Ratso Sloman: I was so inspired by the Rolling Thunder tour that I started to write lyrics when the tour was over. First, I worked with Rick Derringer, who lived near me in the Village. Then I met Cale one night at a Kinky show at the Lone Star Café and we began a nice three-year run of writing songs together. Sometimes we wrote songs together on the spot, sometimes he gave me music to write lyrics to and sometimes I gave him lyrics and he musicalized them. That was the case for most of the album Artificial Intelligence. I think the highlight of that album was the song “Dying on the Vine,” which became one of the signature songs of Cale’s post-Velvets career. And, I’m proud to say, a song that inspired two novels, including one by the great Jonathan Lethem. Lethem once said that “Dying on the Vine” was the best Leonard Cohen song not written by Leonard Cohen. I couldn’t think of a higher compliment.

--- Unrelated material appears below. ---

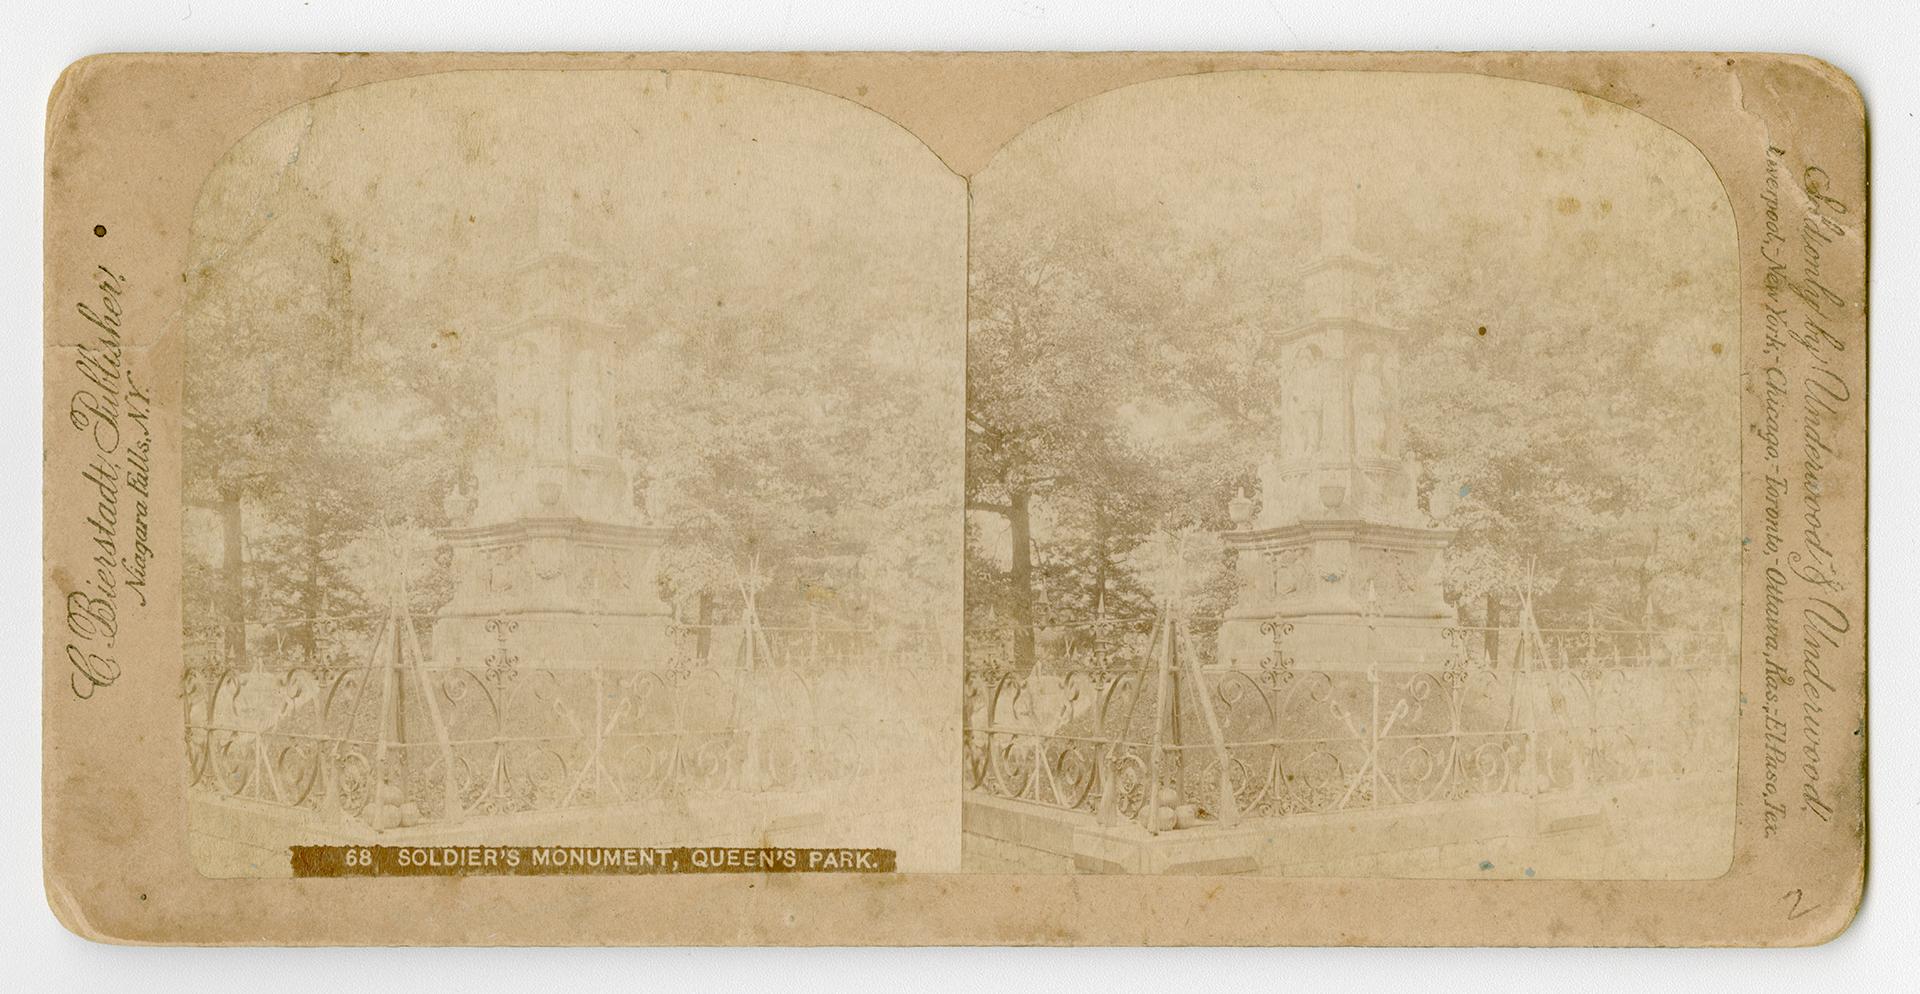 Pictures show a large stone monument in a park.

PKM: I’m sure you’ve been asked this many times but how did you get the nickname “Ratso”?
Ratso Sloman: On the Dylan Rolling Thunder tour. You know how when you’re on the road covering something and you have to drive a lot and you don’t shower every day and you take substances to stay up, etc. etc. So one day, I drove up to the hotel where the tour was staying and Joan Baez was outside and she walked over to my car. She smiled and put her hand inside and fingered my long, stringy hair. “Hey, it’s Ratso,” she said to everybody who was hanging around outside. “You calling me Ratso because I remind you of Dustin Hoffman (from the great film Midnight Cowboy)?” “No, you remind me of Ratso Rizzo (the seedy character Hoffman played.)” When I started writing the book, it’s in first person until Baez calls me Ratso and then it changes to third person and Ratso becomes a character in this circus.
PKM: Is there a “Ratso” persona?
Ratso Sloman: For sure. Ratso is a great alter ego. He’s the provocative, loud, brash presence. He wears Soul Train Fashion crazy ass colorful suits and somehow carries it off. Thank God, he’s not me.
PKM: How did you get into the business of ghostwriting?
Ratso Sloman: I heard Howard Stern talk about writing a book on the air. At that time I had just left the National Lampoon magazine after a six year run as editor-in-chief. So he knew my work and he hired me as his ghostwriter. But he had to fill up six hours a day on the radio, so he kept talking on the air about working all weekend on the book with Ratso. I instantly became the most famous ghostwriter in the world, which is kind of an oxymoron. Our two books were monumental bestsellers so then I had the choice to work with whoever I’d like. So I did books with David Blaine, Anthony Kiedis of the Red Hot Chili Peppers, Peter Criss of Kiss, and two books with Mike Tyson, all the while still doing my own books. It was a lot of fun.
PKM: What’s next for you?
Ratso Sloman: I’m developing a TV show with the great music producer Hal Willner, and another one with Jeff Lieberman, my partner in Shallow Entertainment. That show will be hosted by the great Penn Jillette. A movie I co-wrote came out this year, so I’ll be doing more movie work. And I’m about to start writing my own memoir. Gotta keep busy.
PKM: Do you think this album is a one-off piece of work for you or will there be more songs from you?
Ratso Sloman: There will be more songs. I’ve got a bunch ready to be recorded. And I’m working on a few new ones in the shower.